== Material provided

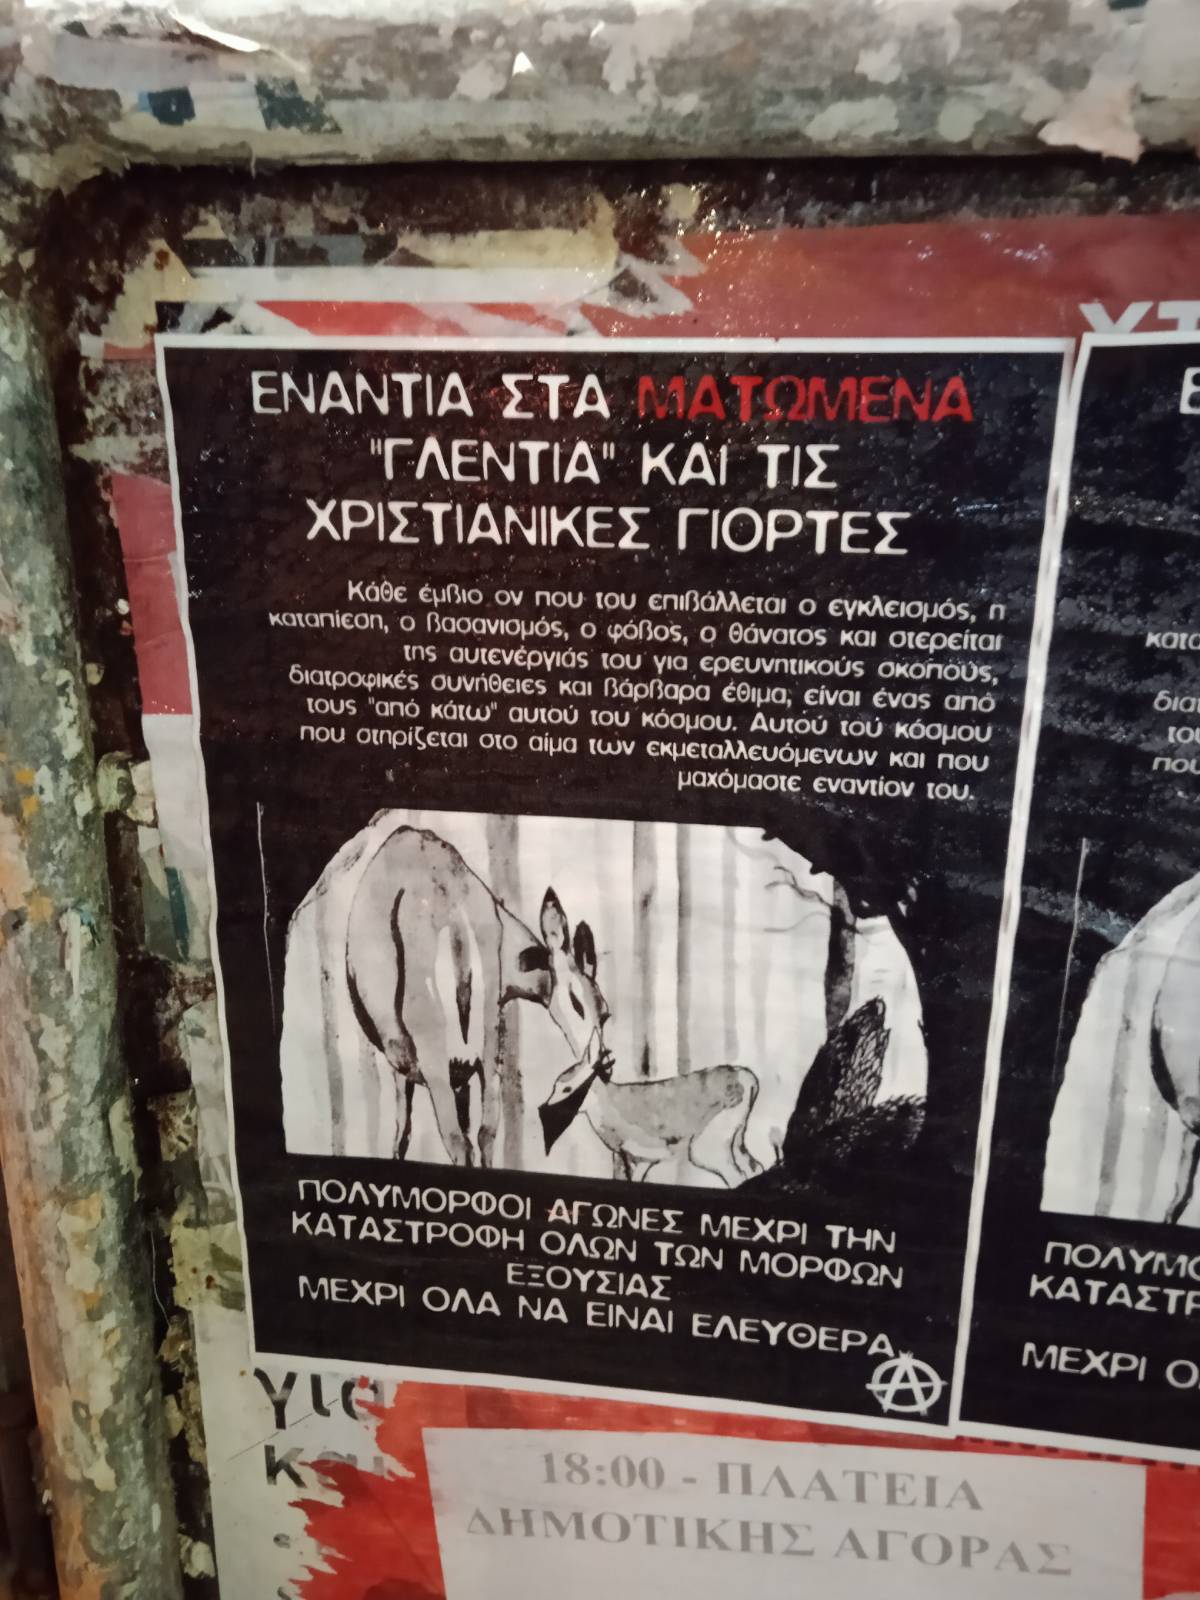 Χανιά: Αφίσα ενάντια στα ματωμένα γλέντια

====
== Material provided

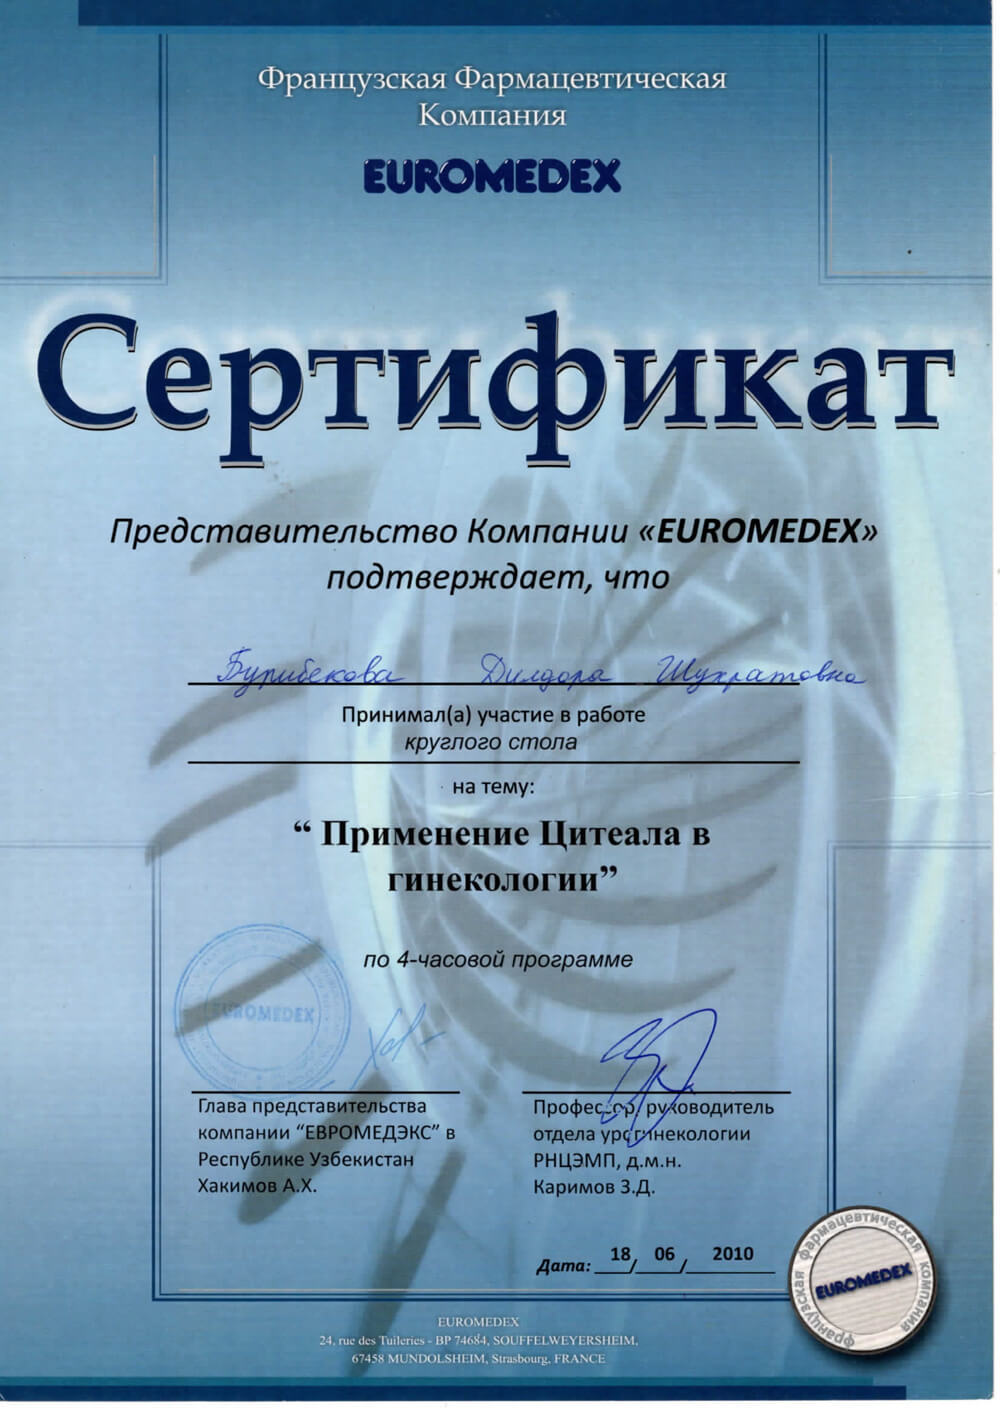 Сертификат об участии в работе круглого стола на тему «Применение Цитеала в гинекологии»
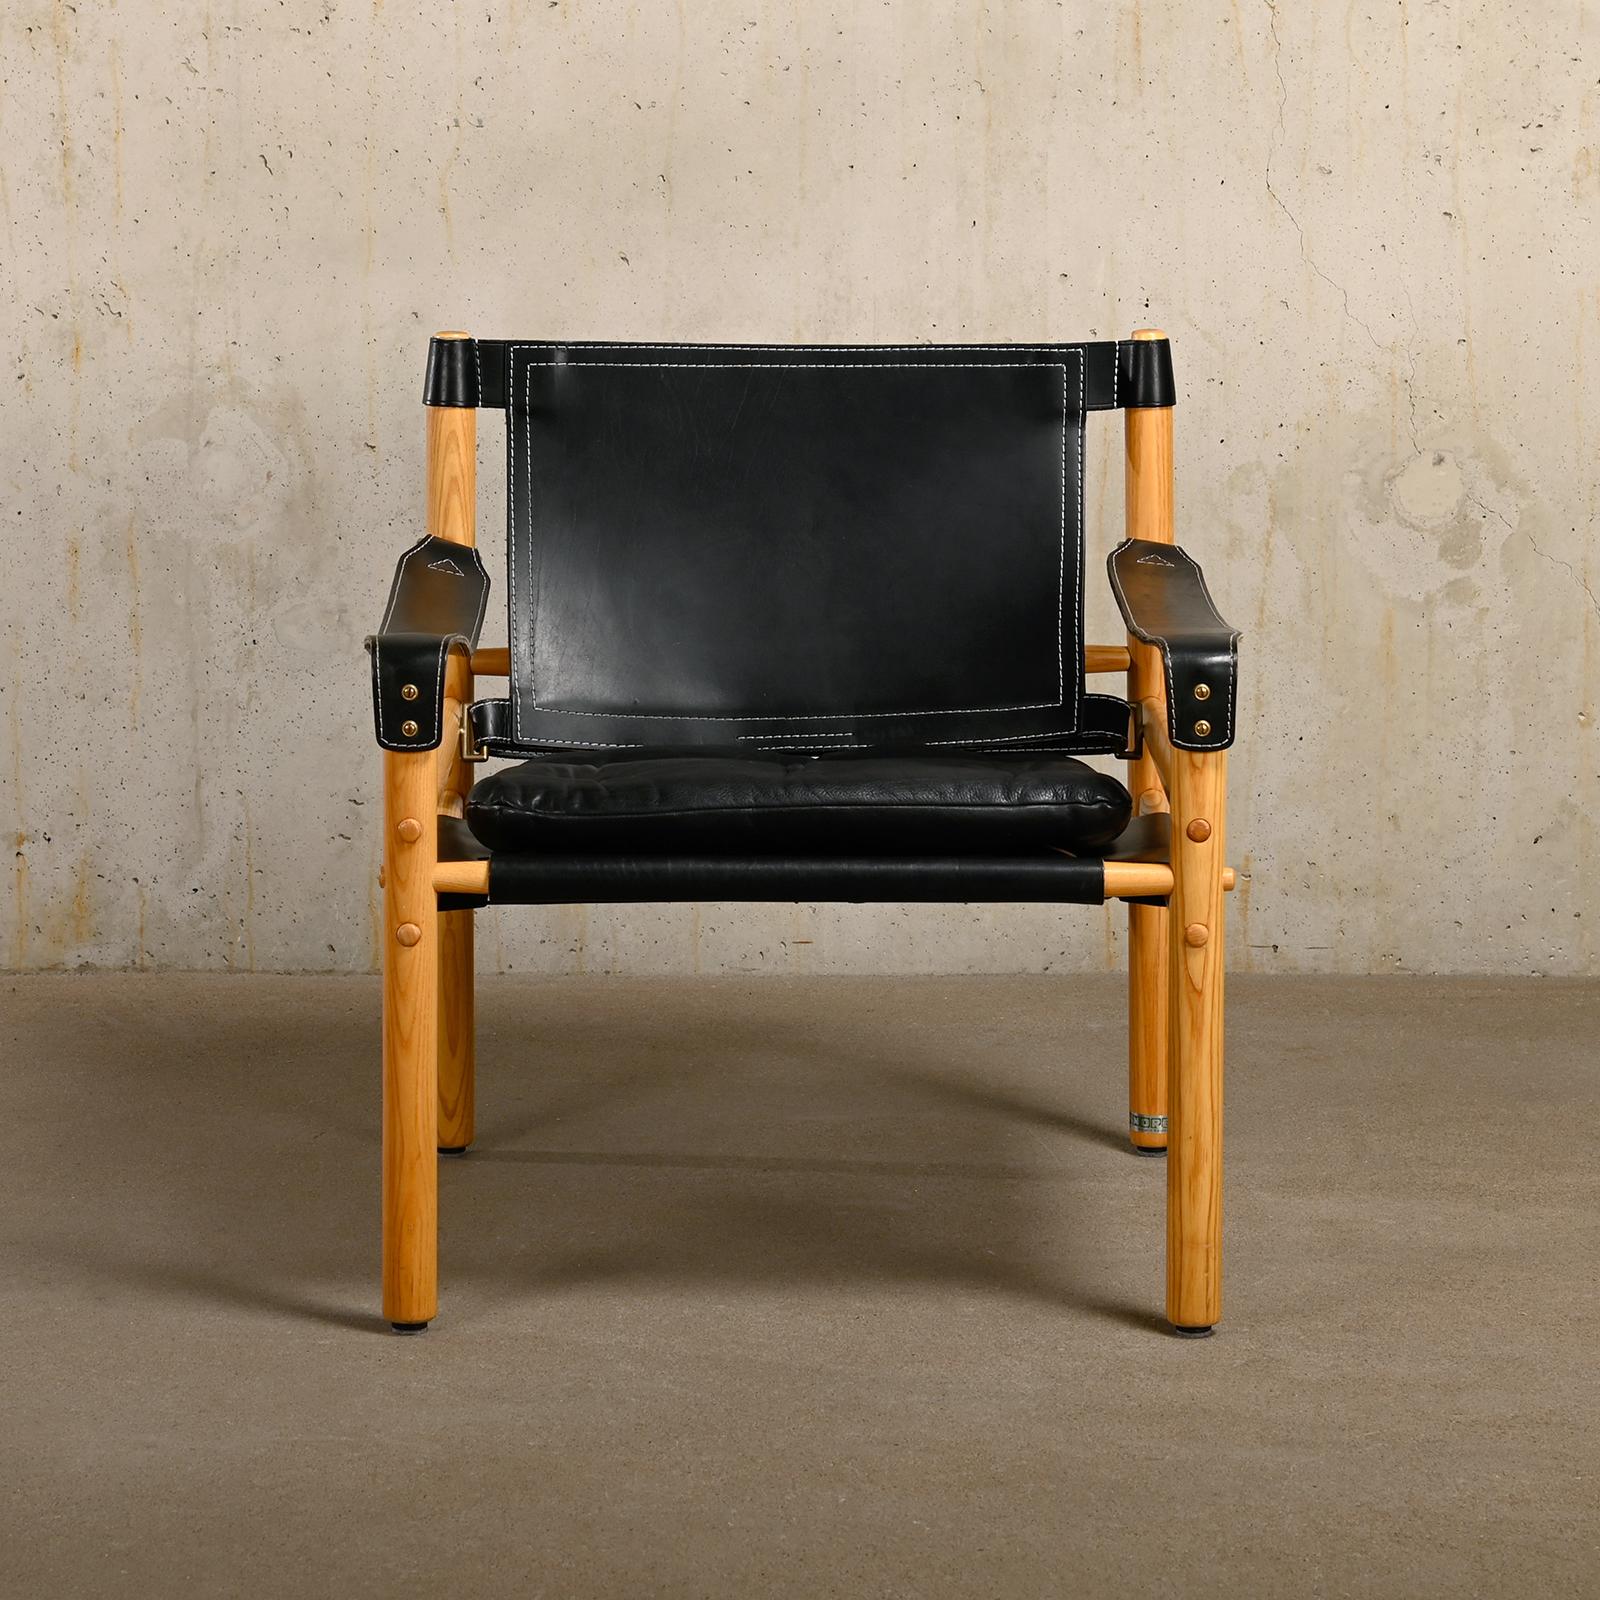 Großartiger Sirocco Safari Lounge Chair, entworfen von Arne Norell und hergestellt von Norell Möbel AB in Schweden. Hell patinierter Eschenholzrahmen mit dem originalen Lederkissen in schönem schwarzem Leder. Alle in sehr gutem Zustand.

====

◆ **Task to carry out**
Using the records above, print exactly the lines between the ones containing "Сертификат об участии" and "Großartiger Sirocco Safari", inclusive, and nothing else; no pictures.

◆ **Exercise response**
 Сертификат об участии в работе круглого стола на тему «Применение Цитеала в гинекологии»
 Großartiger Sirocco Safari Lounge Chair, entworfen von Arne Norell und hergestellt von Norell Möbel AB in Schweden. Hell patinierter Eschenholzrahmen mit dem originalen Lederkissen in schönem schwarzem Leder. Alle in sehr gutem Zustand.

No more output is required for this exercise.